→ **What is expected**
Go to the line in the entries below that holds "Strafgesetzbuch (StGB) und" and repeat exactly from there through the line that holds "ホワイトゴールドの腕時計特集です。", inclusive.
─── Input for this task ───
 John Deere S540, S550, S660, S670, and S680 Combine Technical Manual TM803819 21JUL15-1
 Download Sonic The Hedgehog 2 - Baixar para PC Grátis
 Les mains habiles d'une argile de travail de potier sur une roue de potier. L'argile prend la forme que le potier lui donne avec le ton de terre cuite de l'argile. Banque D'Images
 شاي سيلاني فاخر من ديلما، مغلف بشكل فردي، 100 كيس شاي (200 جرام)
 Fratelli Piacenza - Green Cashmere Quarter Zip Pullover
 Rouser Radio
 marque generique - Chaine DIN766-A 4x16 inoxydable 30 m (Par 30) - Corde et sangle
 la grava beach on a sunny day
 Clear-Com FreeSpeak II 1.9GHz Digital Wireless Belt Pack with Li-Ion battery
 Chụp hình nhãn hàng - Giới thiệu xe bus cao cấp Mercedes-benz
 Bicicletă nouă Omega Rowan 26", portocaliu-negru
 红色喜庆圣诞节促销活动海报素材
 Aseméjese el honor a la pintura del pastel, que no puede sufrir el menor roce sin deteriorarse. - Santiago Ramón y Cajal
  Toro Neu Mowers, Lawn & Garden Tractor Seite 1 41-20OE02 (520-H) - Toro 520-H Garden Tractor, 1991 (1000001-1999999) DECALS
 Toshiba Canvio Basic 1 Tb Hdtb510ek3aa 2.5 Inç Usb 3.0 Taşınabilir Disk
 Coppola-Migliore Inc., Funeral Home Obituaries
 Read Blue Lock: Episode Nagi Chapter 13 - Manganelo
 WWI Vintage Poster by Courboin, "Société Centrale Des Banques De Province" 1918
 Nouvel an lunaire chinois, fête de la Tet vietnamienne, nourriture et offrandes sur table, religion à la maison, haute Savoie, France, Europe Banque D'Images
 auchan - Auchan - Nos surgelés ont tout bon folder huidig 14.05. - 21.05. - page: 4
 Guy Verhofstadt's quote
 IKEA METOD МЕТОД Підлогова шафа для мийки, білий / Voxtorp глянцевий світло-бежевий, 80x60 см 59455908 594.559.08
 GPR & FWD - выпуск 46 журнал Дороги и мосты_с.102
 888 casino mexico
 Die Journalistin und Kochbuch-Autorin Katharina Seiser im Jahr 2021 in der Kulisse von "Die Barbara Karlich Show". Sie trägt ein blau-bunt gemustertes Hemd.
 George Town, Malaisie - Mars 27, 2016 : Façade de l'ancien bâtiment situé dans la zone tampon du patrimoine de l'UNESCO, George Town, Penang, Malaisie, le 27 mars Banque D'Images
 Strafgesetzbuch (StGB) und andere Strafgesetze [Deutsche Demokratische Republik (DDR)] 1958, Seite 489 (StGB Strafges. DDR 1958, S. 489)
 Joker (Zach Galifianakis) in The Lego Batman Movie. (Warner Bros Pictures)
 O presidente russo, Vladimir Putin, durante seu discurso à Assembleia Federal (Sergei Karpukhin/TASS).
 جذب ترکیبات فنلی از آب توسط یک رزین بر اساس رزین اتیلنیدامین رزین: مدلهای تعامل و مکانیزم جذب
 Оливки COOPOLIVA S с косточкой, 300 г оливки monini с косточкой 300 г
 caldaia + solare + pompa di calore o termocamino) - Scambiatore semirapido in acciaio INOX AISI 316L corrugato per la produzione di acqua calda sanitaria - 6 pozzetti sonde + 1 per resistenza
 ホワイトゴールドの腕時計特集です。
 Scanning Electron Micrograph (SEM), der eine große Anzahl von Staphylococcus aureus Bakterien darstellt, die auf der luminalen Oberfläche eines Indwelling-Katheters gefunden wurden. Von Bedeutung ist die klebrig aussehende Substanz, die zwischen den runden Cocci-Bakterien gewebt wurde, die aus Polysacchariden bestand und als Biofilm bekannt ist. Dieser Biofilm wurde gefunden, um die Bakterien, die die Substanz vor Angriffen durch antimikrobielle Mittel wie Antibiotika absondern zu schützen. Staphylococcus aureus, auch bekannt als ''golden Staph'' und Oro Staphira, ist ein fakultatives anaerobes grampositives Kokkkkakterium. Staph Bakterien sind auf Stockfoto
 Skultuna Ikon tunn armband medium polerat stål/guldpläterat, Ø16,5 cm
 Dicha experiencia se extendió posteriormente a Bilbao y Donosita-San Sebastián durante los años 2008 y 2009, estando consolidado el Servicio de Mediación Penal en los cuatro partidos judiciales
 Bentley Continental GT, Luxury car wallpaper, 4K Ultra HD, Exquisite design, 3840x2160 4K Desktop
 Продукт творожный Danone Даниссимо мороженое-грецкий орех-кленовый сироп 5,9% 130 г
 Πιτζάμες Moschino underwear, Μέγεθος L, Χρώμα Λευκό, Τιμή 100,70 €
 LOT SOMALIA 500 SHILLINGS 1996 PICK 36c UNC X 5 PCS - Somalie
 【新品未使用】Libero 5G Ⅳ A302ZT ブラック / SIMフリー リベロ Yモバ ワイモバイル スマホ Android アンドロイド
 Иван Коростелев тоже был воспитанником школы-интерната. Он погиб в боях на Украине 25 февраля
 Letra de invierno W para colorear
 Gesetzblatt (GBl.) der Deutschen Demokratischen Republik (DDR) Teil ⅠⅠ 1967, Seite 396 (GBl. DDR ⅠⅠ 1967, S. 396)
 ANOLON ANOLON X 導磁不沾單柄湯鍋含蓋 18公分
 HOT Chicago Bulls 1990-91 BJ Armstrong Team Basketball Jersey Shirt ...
───
→ **Exercise result**
 Strafgesetzbuch (StGB) und andere Strafgesetze [Deutsche Demokratische Republik (DDR)] 1958, Seite 489 (StGB Strafges. DDR 1958, S. 489)
 Joker (Zach Galifianakis) in The Lego Batman Movie. (Warner Bros Pictures)
 O presidente russo, Vladimir Putin, durante seu discurso à Assembleia Federal (Sergei Karpukhin/TASS).
 جذب ترکیبات فنلی از آب توسط یک رزین بر اساس رزین اتیلنیدامین رزین: مدلهای تعامل و مکانیزم جذب
 Оливки COOPOLIVA S с косточкой, 300 г оливки monini с косточкой 300 г
 caldaia + solare + pompa di calore o termocamino) - Scambiatore semirapido in acciaio INOX AISI 316L corrugato per la produzione di acqua calda sanitaria - 6 pozzetti sonde + 1 per resistenza
 ホワイトゴールドの腕時計特集です。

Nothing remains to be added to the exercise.